The output files are stored in /path/to/output:

data.json: json file containing the features to feed into m6Anet model for prediction
data.log: Log file containing all the transcripts that have been successfully preprocessed
data.info: File containing indexing information of data.json for faster file access and the number of reads for each DRACH positions in eventalign.txt
eventalign.index: Index file created during dataprep to allow faster access of Nanopolish eventalign.txt during dataprep

Inference¶

Once m6anet dataprep finishes running, we can run m6anet inference on the dataprep output

m6anet inference --input_dir path/to/output --out_dir path/to/output --n_processes 4 --num_iterations 1000

m6anet inference will run default human model trained on the HCT116 cell line.

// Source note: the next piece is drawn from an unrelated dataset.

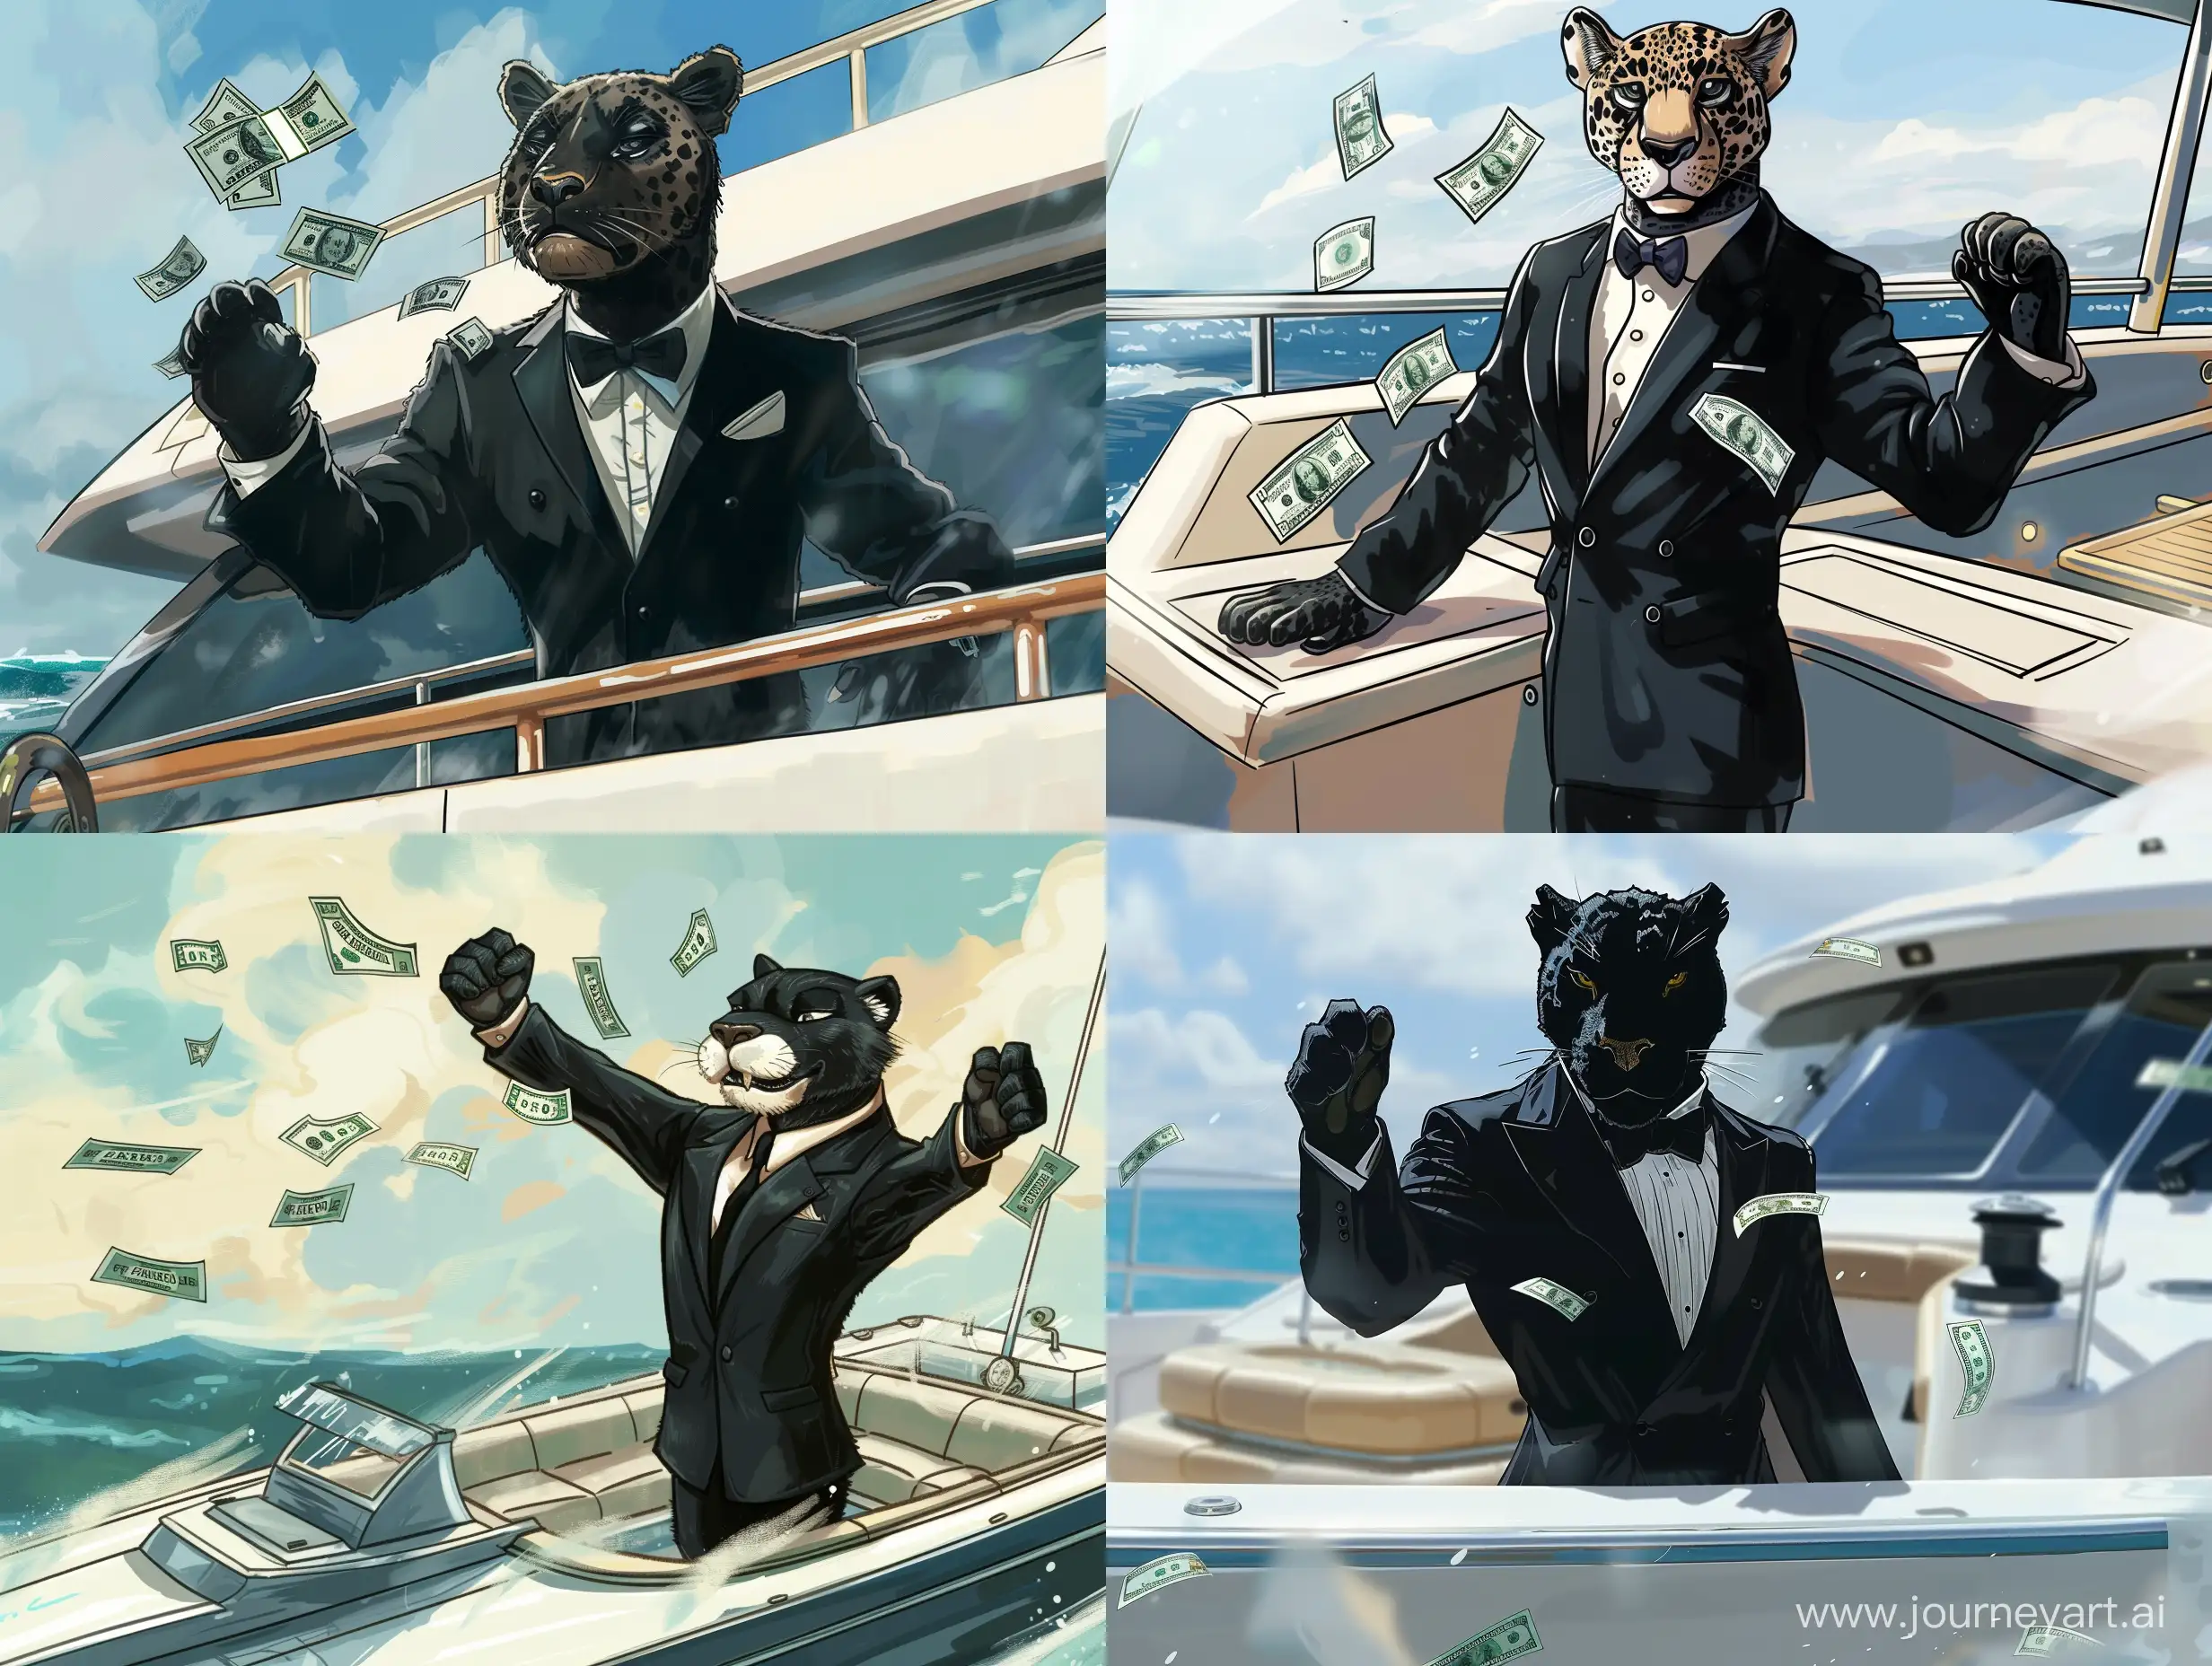 нарисованная картинка стиль мульт реализм пантера в черном костюме на яхте раскидывает доллары  
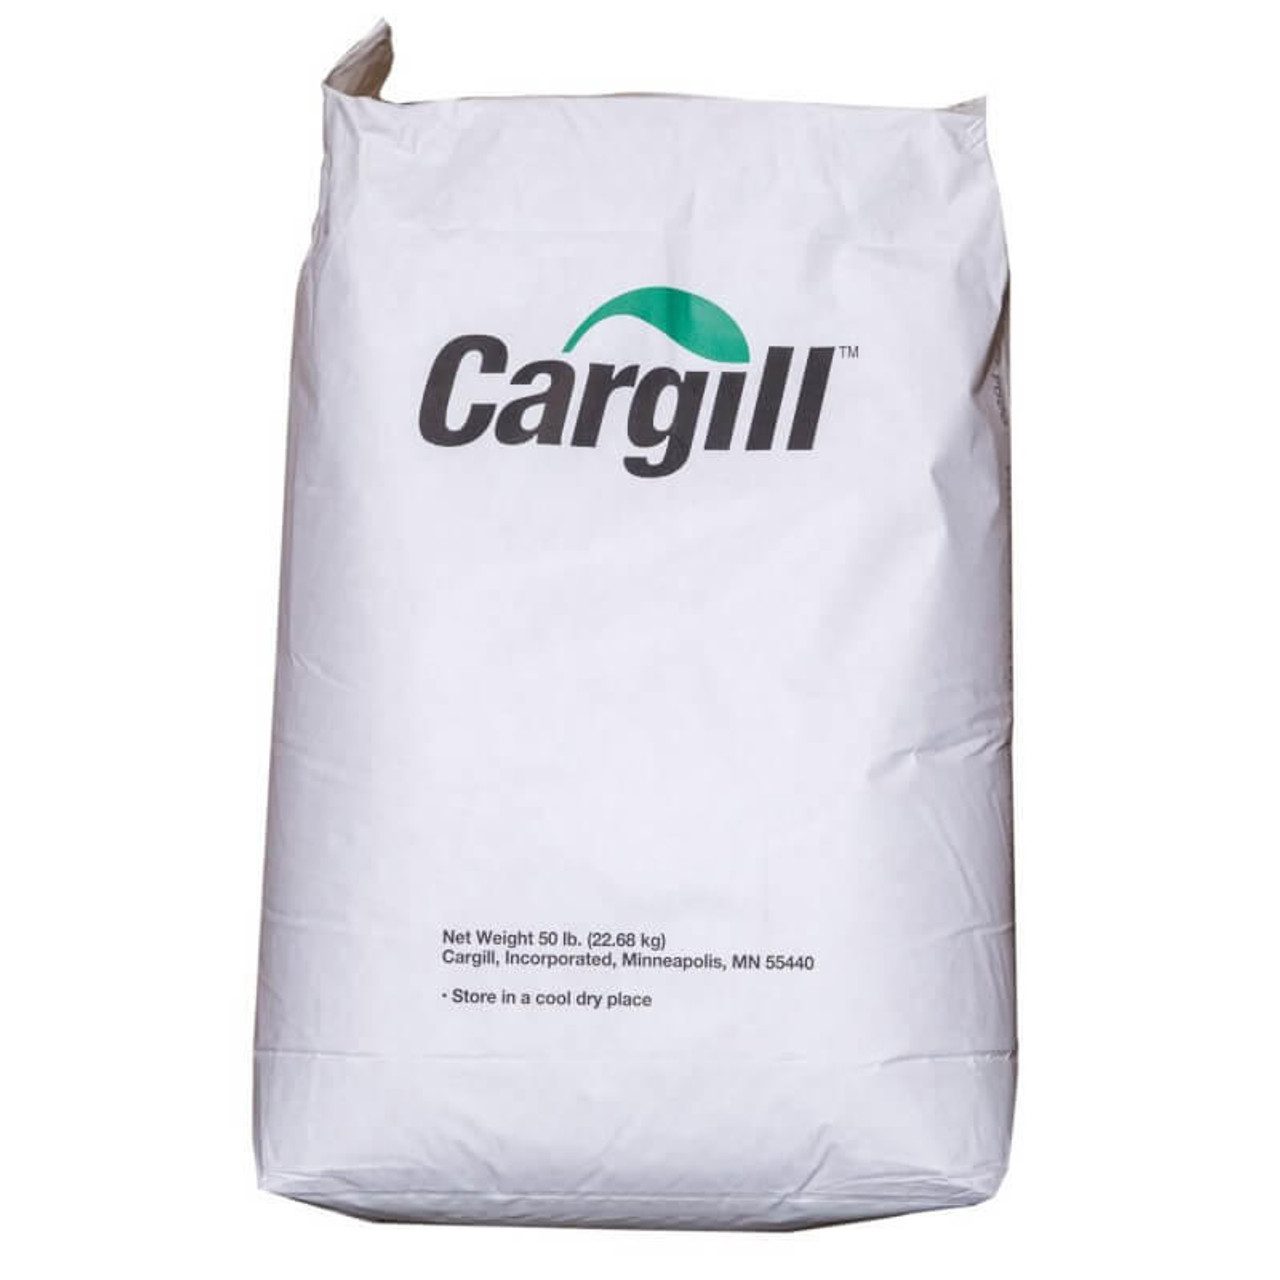  Cargill Corn Starch Bulk Food Service 22.68kg/50Lbs

In order to run Arabidopsis-based model or the HEK293T-RNA004-based model, please supply the --pretrained_model argument

For the Arabidopsis-based model

m6anet inference --input_dir path/to/output --out_dir path/to/output --pretrained_model arabidopsis_RNA002 --n_processes 4 --num_iterations 1000

For the HEK293T-RNA004-based model

m6anet inference --input_dir path/to/output --out_dir path/to/output --pretrained_model HEK293T_RNA004 --n_processes 4 --num_iterations 1000

m6Anet will sample 20 reads from each candidate site and average the probability of modification across several round of sampling according to the –num_iterations parameter. The output file data.indiv_proba.csv contains the probability of modification for each read

transcript_id: The transcript id of the predicted position
transcript_position: The transcript position of the predicted position
read_index: The read identifier from nanopolish that corresponds to the actual read_id from nanopolish summary.txt
probability_modified: The probability that a given read is modified

The output file data.site_proba.csv contains the probability of modification at each individual position for each transcript. The output file will have 6 columns

transcript_id: The transcript id of the predicted position
transcript_position: The transcript position of the predicted position
n_reads: The number of reads for that particular position
probability_modified: The probability that a given site is modified
kmer: The 5-mer motif of a given site
mod_ratio: The estimated percentage of reads in a given site that is modified

The mod_ratio column is calculated by thresholding the probability_modified from data.indiv_proba.csv based on the --read_proba_threshold parameter during m6anet inference call, with a default value of 0.033379376 for the default human model HCT116_RNA002 and 0.0032978046219796 for arabidopsis_RNA002 model. We also recommend a threshold of 0.9 to select m6A sites from the probability_modified column in data.site_proba.csv. The total run time should not exceed 10 minutes on a normal laptop.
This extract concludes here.